Recep, üç oğlunu da evlendirmişti. Her birinden birer torunu olmuştu. Hazırladığımız belgeselde dede, baba, torun madencileri bir araya getirip söyleşi yapmak istediğimizi söylediğimizde kahkahayı bastı;
- Madenkeşlik mi kaldı ki bu dediğin soyağacının dalı olalım! Benim babam 65e varmadan rahmetli oldu, ben 50yi yeni devirdim, şöyle böyle idare ediyorum. Üç oğlumdan, aha büyük oğlum Özlem burada çay ocağını işletiyor, işsiz. İki oğlum da Nebioğlunda ufak çaplı dükkan işleri ile uğraşıyor. Sizin işiniz zor. Camiye gidenlerin içinde de yok böyle madenkeş, dedi.
Yine de bir konu buluruz diye, camiden çıkanları bekledik. Gelenlerin içinden Hasanla tanıştırdı Recep bizi;
- Aha, size asıl konuşacak adam bu, dedi.

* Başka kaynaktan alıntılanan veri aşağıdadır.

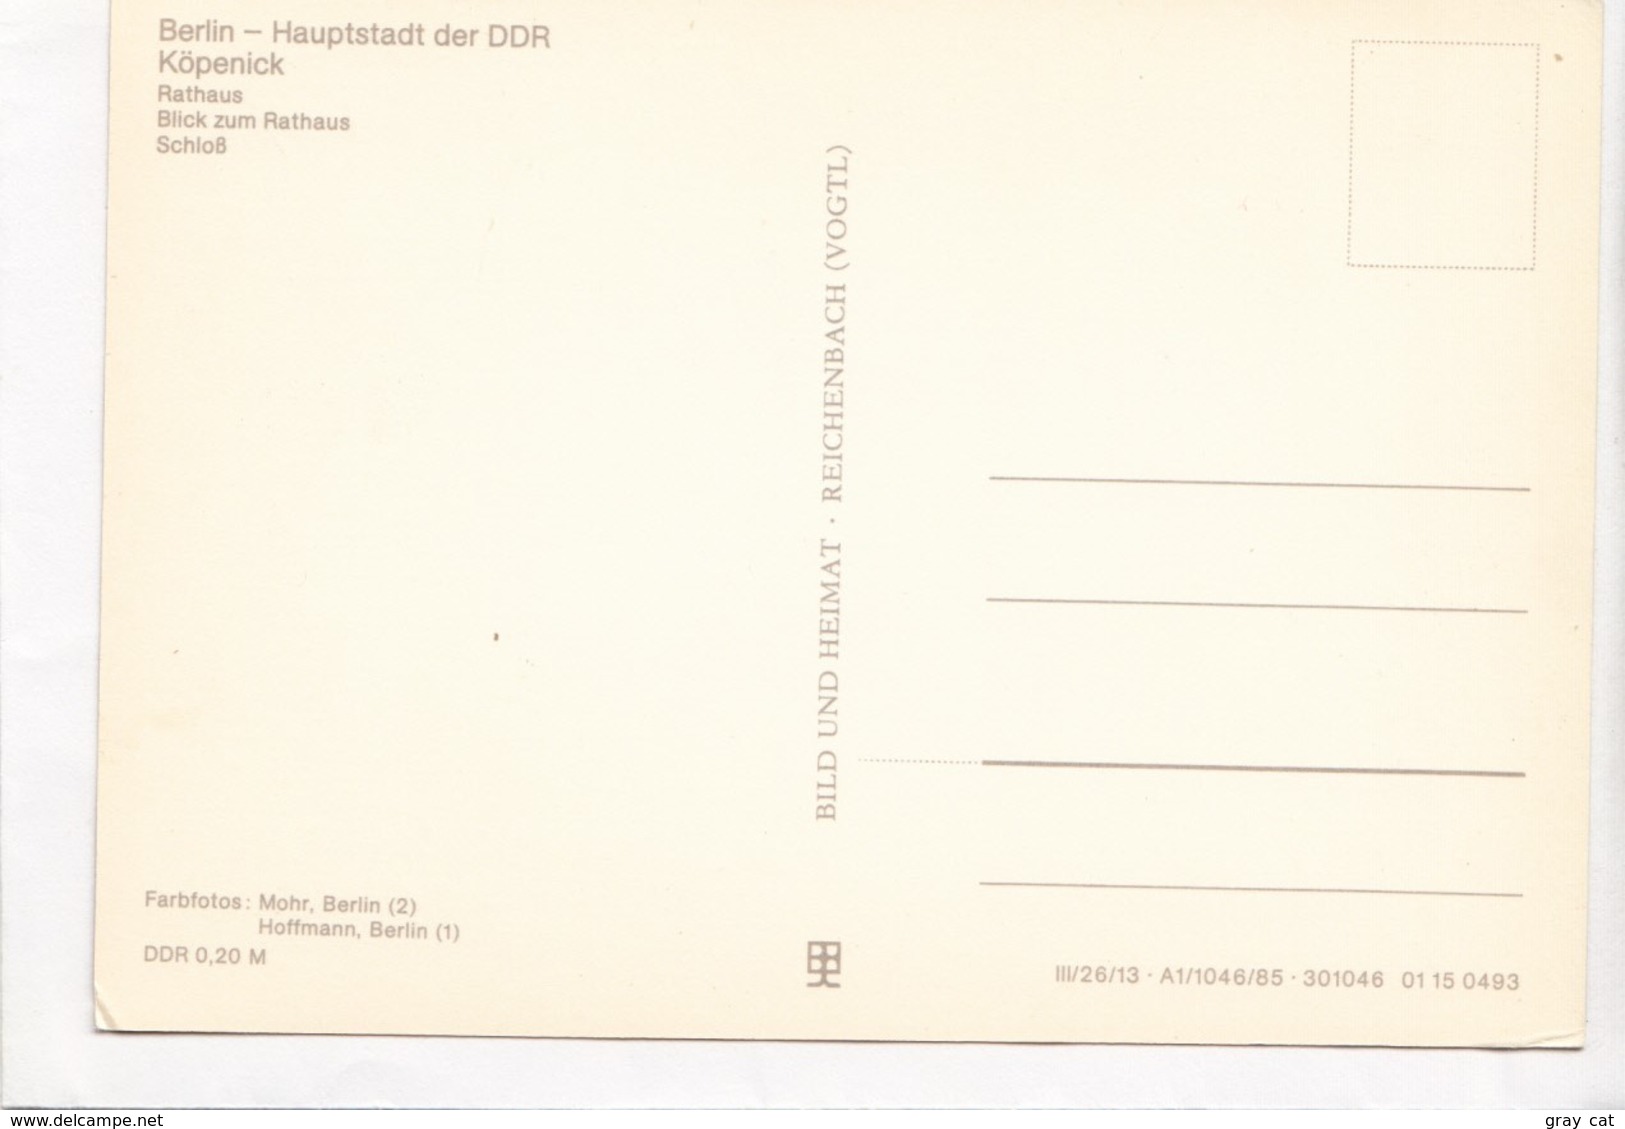 Gruß Aus Berlin-Köpenick, Unused Postcard [23873] - Koepenick

Hasan şapkasının tereğini biraz kaldırdı, başladı konuşmaya;
- Bu aradığınız şekilde bir madenci ailesi bulamazsınız. O eskidendi. Ben de babam gibi madende çalışıp emekli oldum. Ama torun, torba işsiz. Şöyle hesaplayalım: Babamın zamanında bizim köyden 60 kişi ocağa giderdi. Benim zamanımda 30a düştü. Şimdi ise 11 madenci var. Onların çoğunluğu da özel ocakta kuru ekmeğe çalışıyor.
Bu konuşması üzerine Büyük Grevle ilgili bir soru yönelttim Hasana;
- İşin buraya varacağını, çoluk çocuğunun işsiz kalacağını bilseydin, Deller Köprüsünde kurulan barikatı aşar mıydın?
- Elbette aşardım. Ölüm pahasına da olsa, vallahi billahi de aşardım.